[Task instructions] Return only the lines of the listing below that run from the line with "Multiple Mechanisms for" through the line with "Il ministro Salvini", both ends included, exactly as written.

[Excerpted data]
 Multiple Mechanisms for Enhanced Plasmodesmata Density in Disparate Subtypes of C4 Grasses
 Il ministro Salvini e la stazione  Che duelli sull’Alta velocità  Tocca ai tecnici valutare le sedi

* * *

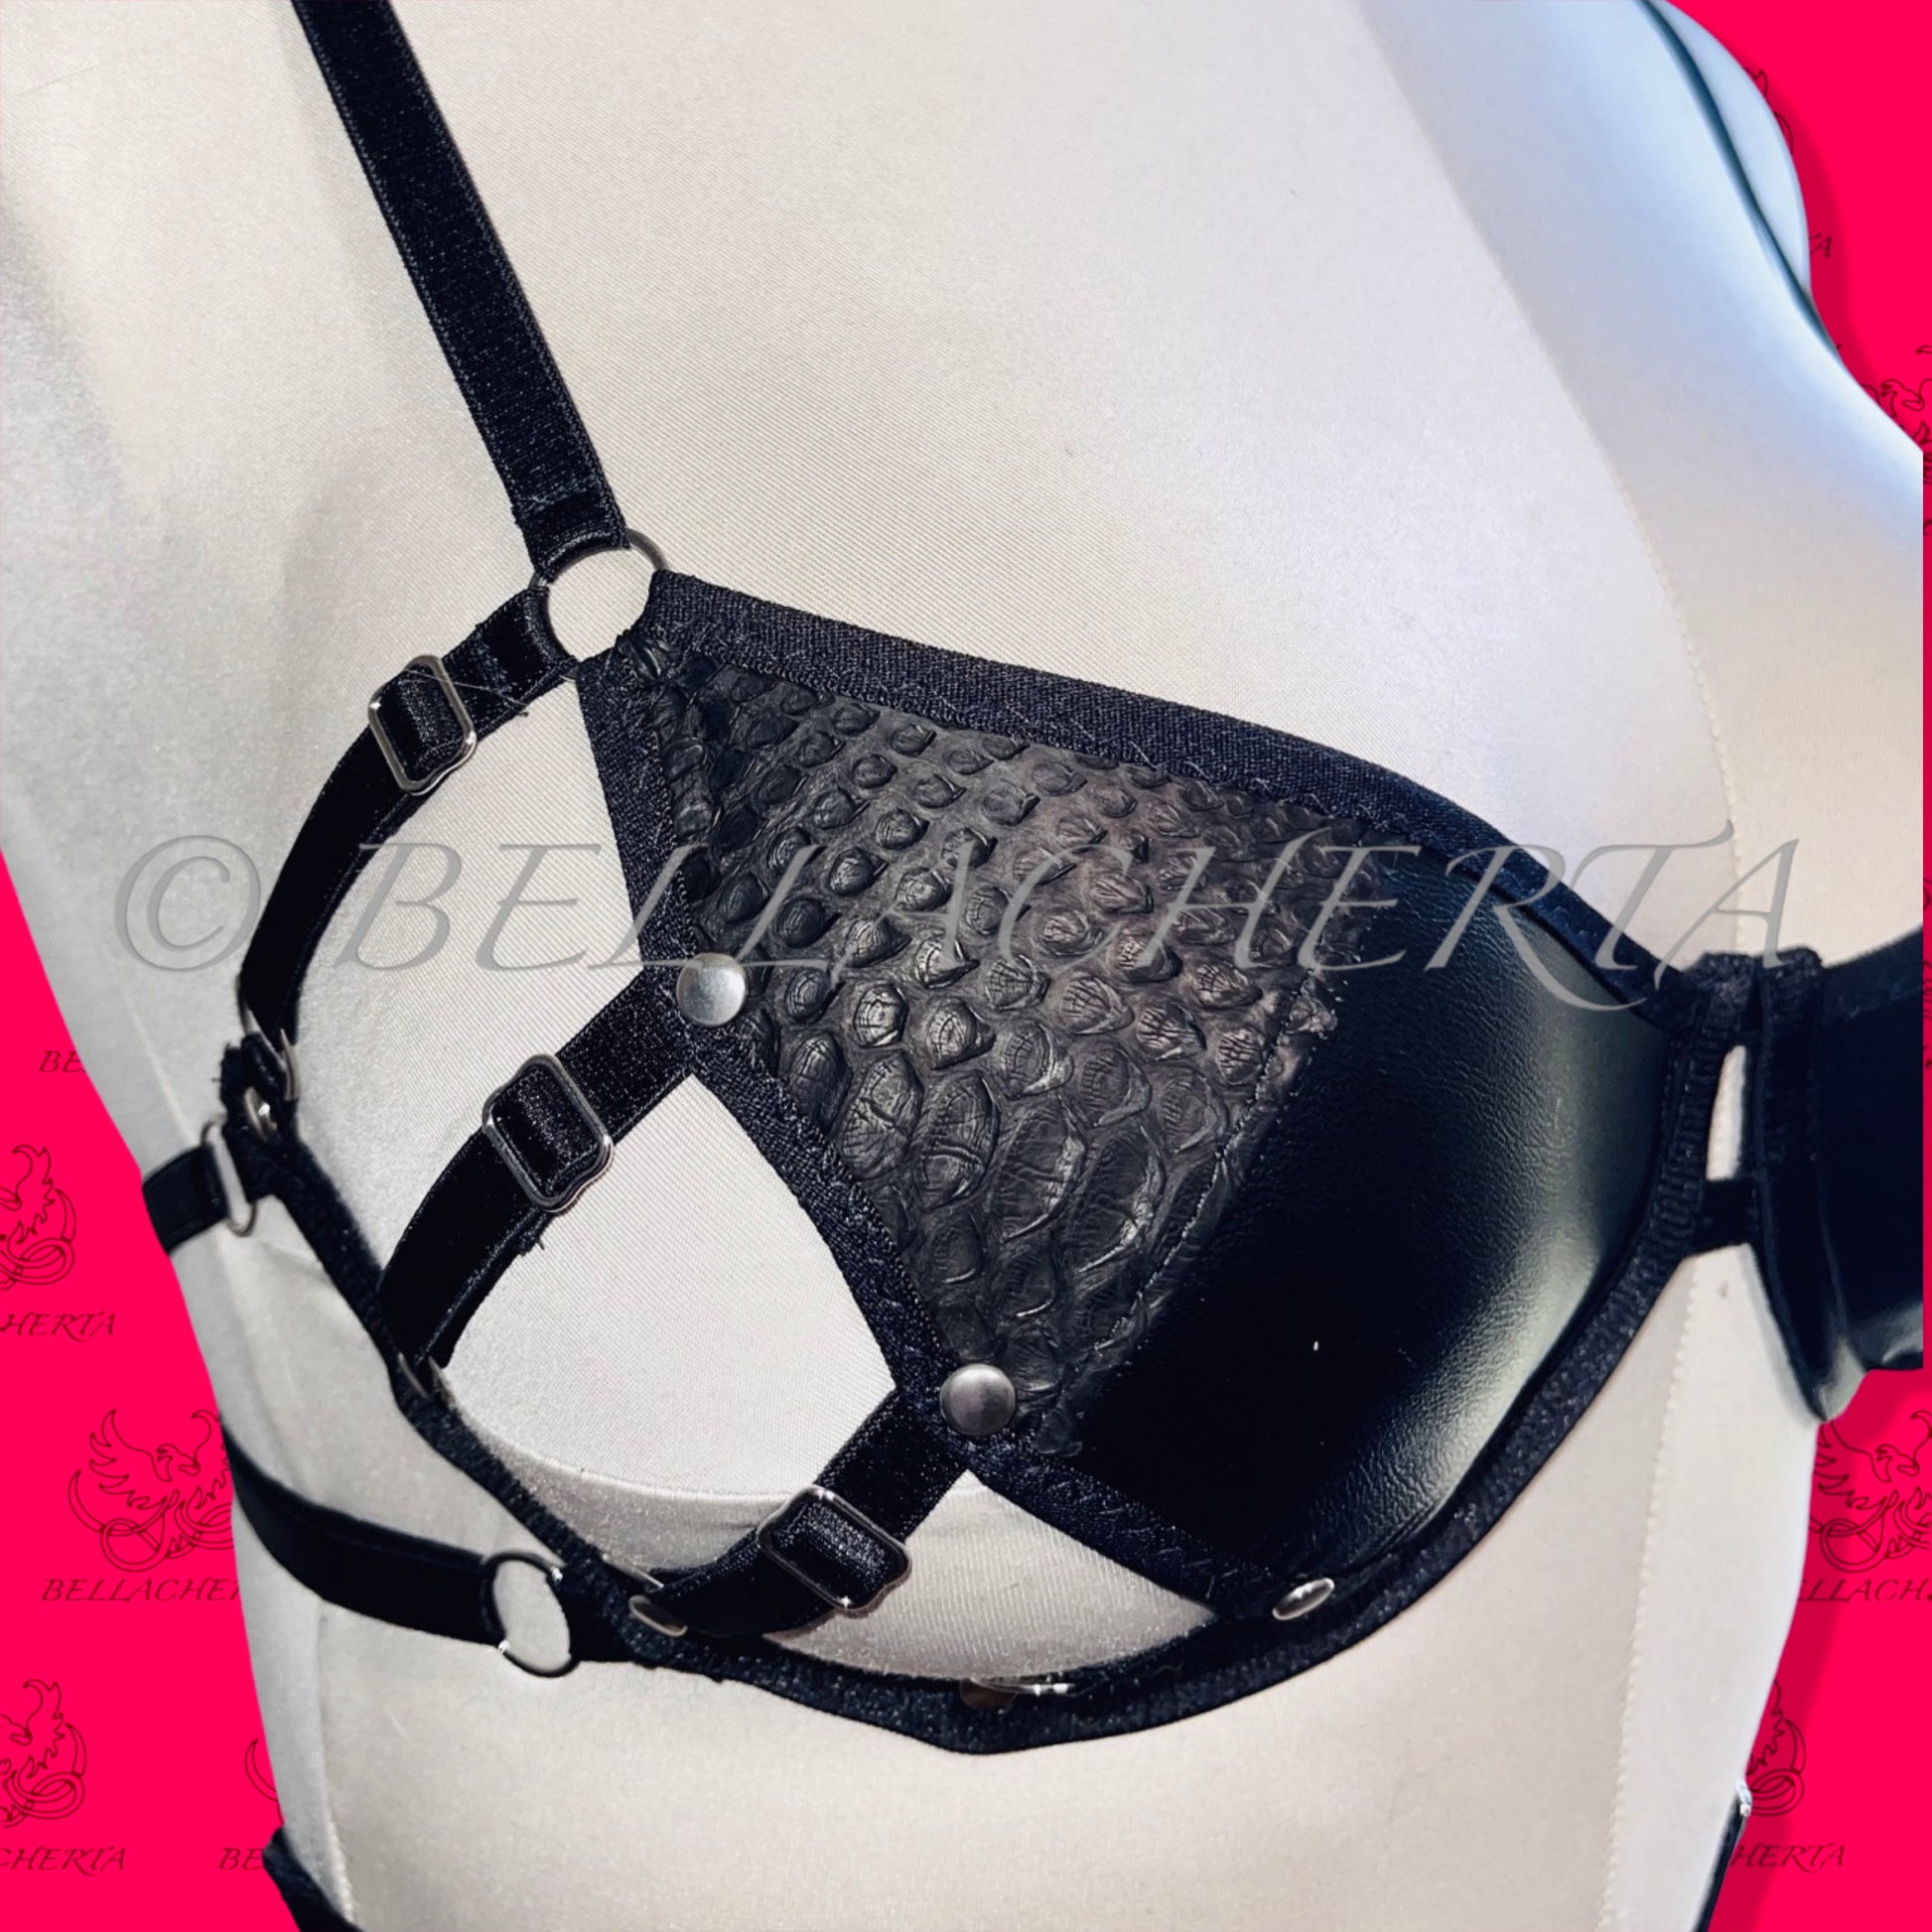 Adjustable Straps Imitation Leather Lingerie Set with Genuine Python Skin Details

[Exercise answer]
 Multiple Mechanisms for Enhanced Plasmodesmata Density in Disparate Subtypes of C4 Grasses
 Il ministro Salvini e la stazione  Che duelli sull’Alta velocità  Tocca ai tecnici valutare le sedi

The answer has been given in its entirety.